If the effect is highly remote, we can't do this. (Or, alternatively, we should treat A and B as precisely equally likely to result in the effect.)
Therefore, we can only systematically make a difference to effects of type (1). So only those effects are practically relevant.

But this reasoning doesn't seem to hold up for the same reasons I've given in my critiques of Option 3 and Symmetry. So I'm not sure what your actual view is yet. Can you please clarify? (Or, if the above is your view, I can try to unpack why my critiques of Option 3 and Symmetry apply just as well here.)

Magnus Vinding @ 2025-06-02T16:16 (+2)

I meant "the reason to work on such causes that my target audience actually endorses."

I suspect there are many people in your target audience who don't exclusively endorse, or strictly need to rely on, the views you critique as their reason to work on EA causes (I guess I'm among them).

Magnus Vinding @ 2025-06-02T14:39 (+2)

The first thought I have is mostly an impression or something that stood out to me: it seems to me like the word choices here sometimes don't quite reflect the point being made or the full range of views being critiqued, arguably including the strongest competing views.

For example, when talking about heuristics that are supposed to be "robust", or strategies we can "reliably intervene on", or whether we can "reliably weigh up" relevant effects, etc, it seems to me that these word choices convey something much stronger than what would necessarily be endorsed by weaker and arguably more defensible types of views that differ from yours.

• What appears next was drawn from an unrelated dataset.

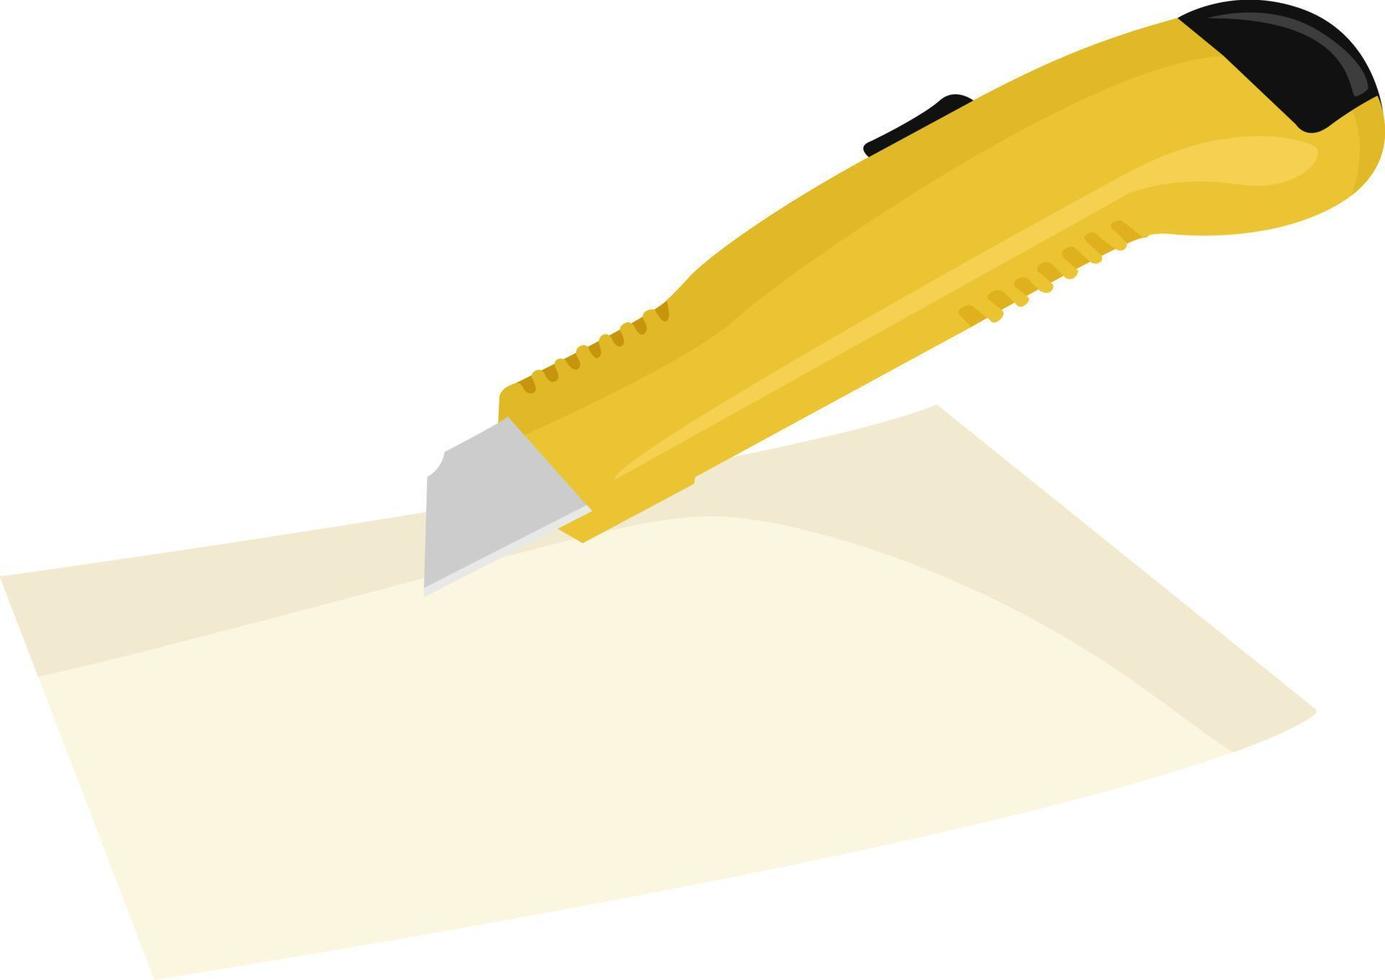 cortador de papel, ilustración, vector sobre fondo blanco

After all, views different from yours might agree that no heuristics are outright robust and that we can't reliably weigh up the relevant effects, while nevertheless holding something weaker, like that some heuristics are slightly better than others in expectation, or that we in general can do meaningfully (or even just marginally) better than nothing.

Of course, I get that language is always a bit vague, and I'm sure you meant to include a very broad range of views, including very "weak" ones. But at least in terms of how I read it, the language often seemed to invoke a much stronger and more narrow set of views than necessary.

Anthony DiGiovanni @ 2025-06-02T15:10 (+2)

Thanks Magnus — I'm not sure I understand your objection or which specific language choices in the posts seem too strong, yet.

nevertheless holding something weaker, like that some heuristics are slightly better than others in expectation, or that we in general can do meaningfully (or even just marginally) better than nothing

Can you say a bit more about why you think I haven't adequately responded to this perspective, in the sequence? ("Degrees of imprecision", "The 'better than chance' argument", and my response to "Meta-extrapolation" explain why I don't think "X is slightly better than Y in expectation" makes sense here.)

Magnus Vinding @ 2025-06-02T15:18 (+2)

I should probably have made it more clear that this isn't an objection, and maybe not even much of a substantive point, but more just a remark on something that stood out to me while reading, namely that the views critiqued often seemed phrased in much stronger terms than what people with competing views would necessarily agree with.

Some of the examples that stood out were those I included in quotes above.

Anthony DiGiovanni @ 2025-06-04T07:12 (+2)

Some of the examples that stood out were those I included in quotes above

I'm still confused, sorry. E.g., "reliably" doesn't mean "perfectly", and my hope was that the surrounding context was enough to make clear what I mean. I'm not sure which alternative phrasings you'd recommend (or why you think there's a risk of misrepresentation of others' views when I've precisely spelled out, e.g., the six "standard approaches" in question).